Я отпускаю ее руки – сама напросилась! – и она падает на пол. Я иду в кухню, беру из-под раковины пустой кувшин и наполняю его водой. Знаю, что пожалею об этом, но надо же как-то вывести ее из этого состояния. Когда я возвращаюсь в гостиную, она не удостаивает меня даже взглядом. Я переворачиваю кувшин прямо у нее над головой.

– Какого черта?!! – кричит она, от неожиданности взмахивая руками, и смотрит на меня с неподдельной ненавистью.

Лейк вскакивает на ноги, бросается на меня и пытается ударить. Возможно, идея с кувшином была не самой удачной… Или просто воды оказалось маловато?

Я хватаю ее за руку и выкручиваю, заводя за спину, а потом насильно веду в сторону ванной. Мы заходим внутрь, я обнимаю ее и отрываю от земли.

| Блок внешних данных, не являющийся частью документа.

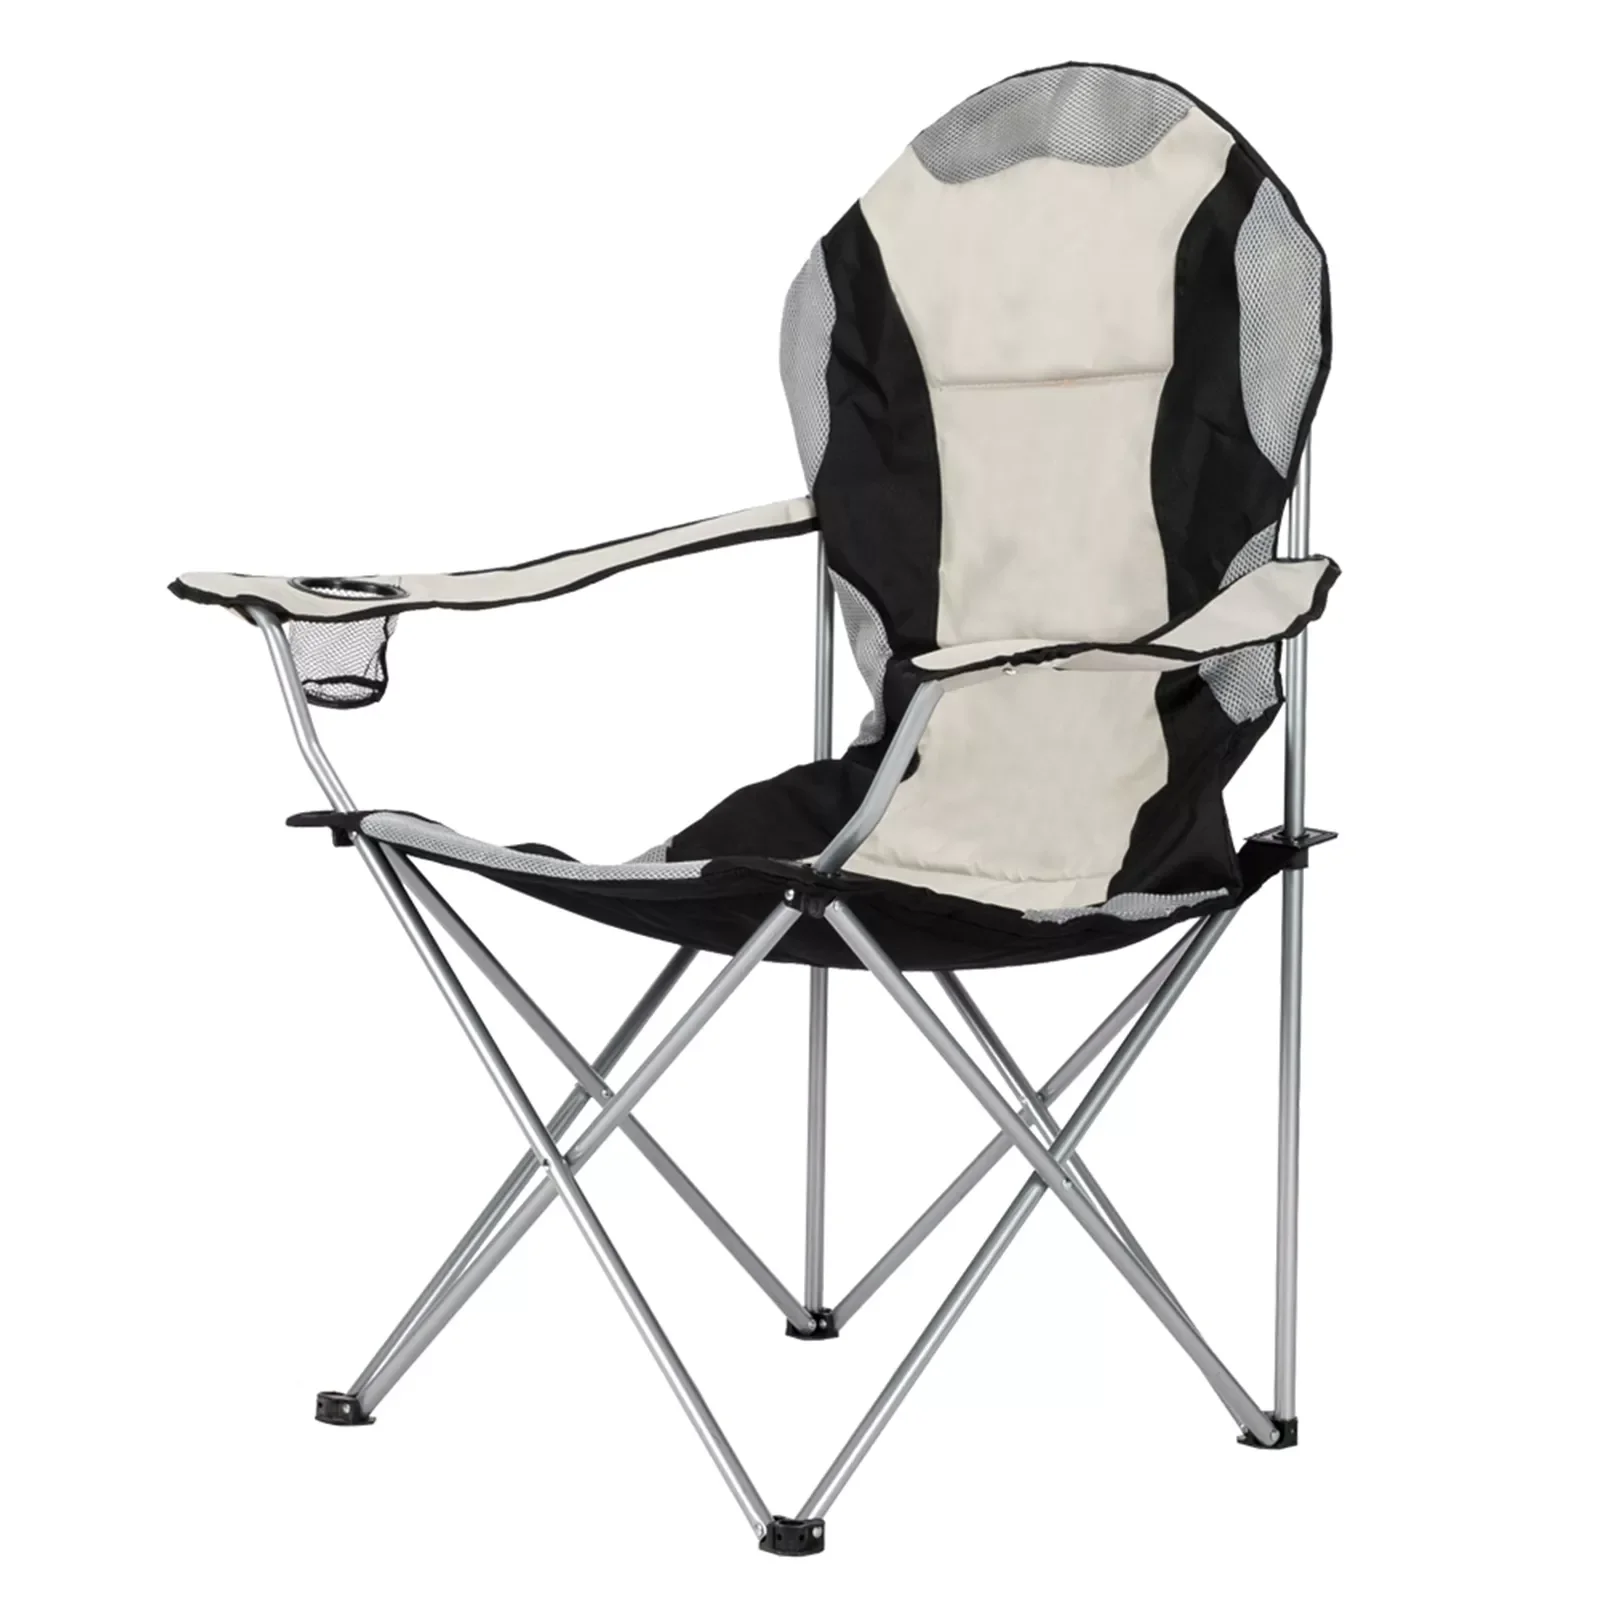 

Medium Portable Camping Chair Fishing Chair Folding Chair for Sunbathing Black Gray[US-Stock]

Она просто не оставляет мне выбора. Пытается отбиваться, и иногда ей это даже удается! Одной рукой я прижимаю ее к стене душевой кабинки, а другой – открываю воду. Струи воды начинают хлестать ей в лицо…

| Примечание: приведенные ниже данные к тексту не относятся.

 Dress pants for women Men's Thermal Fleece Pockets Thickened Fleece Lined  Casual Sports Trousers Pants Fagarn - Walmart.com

– Идиот! Придурок! Урод! – захлебываясь, вопит она.

– Вставай под душ, Лейкен! – приказываю я, делая воду потеплее. – Вставай под душ, мать твою!

Я выпускаю Лейк из своей хватки и пячусь назад. Закрываю за собой дверь и придерживаю ее снаружи, на случай если пленница попытается сбежать. Она, конечно же, пытается: стучит в дверь, дергает за ручку…

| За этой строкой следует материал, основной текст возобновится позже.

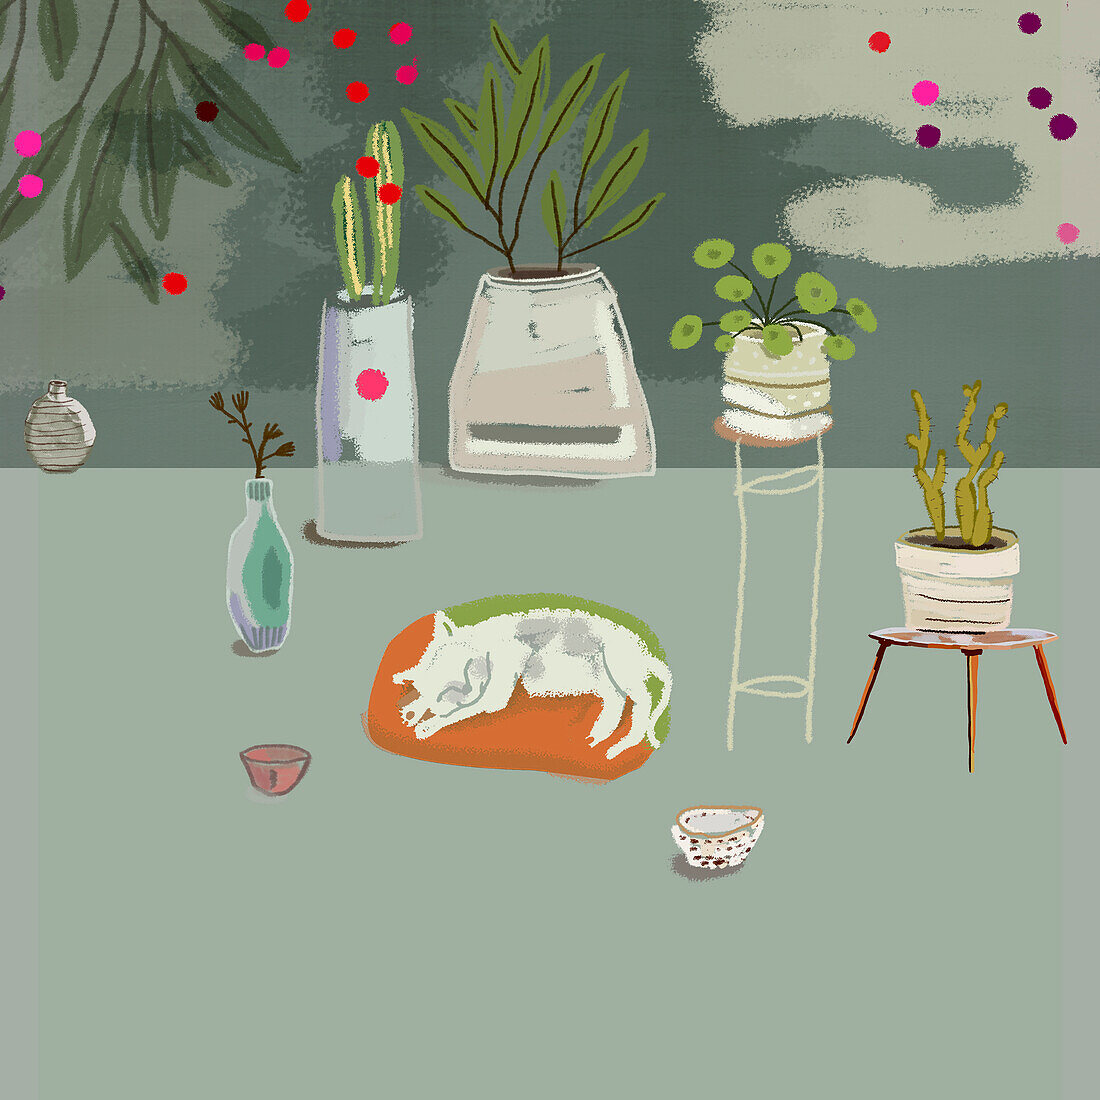 Sleeping house cat, illustration

– Уилл, а ну выпусти меня! – доносятся до меня ее вопли. – Немедленно!

– Послушай, Лейкен, я тебя выпущу только после того, как ты разденешься, встанешь под душ, вымоешь голову и успокоишься, – невозмутимо говорю я, не выпуская дверную ручку, и минуту спустя слышу звук задергивающейся занавески. Убедившись, что она больше не попытается выйти, я обуваюсь и перехожу через дорогу, чтобы взять для Лейкен одежду.

– С ней все в порядке? – спрашивает Джулия, едва открыв дверь, и делает едва заметный жест, означающий, что Кел и Колдер стоят за ее спиной и слышат наш разговор.

– Слишком уж в порядке, – шепчу я. – Она себя очень странно ведет. Вы с ней хоть поговорили?

Джулия кивает, но не сообщает подробности – боится, что Кел может что-нибудь услышать.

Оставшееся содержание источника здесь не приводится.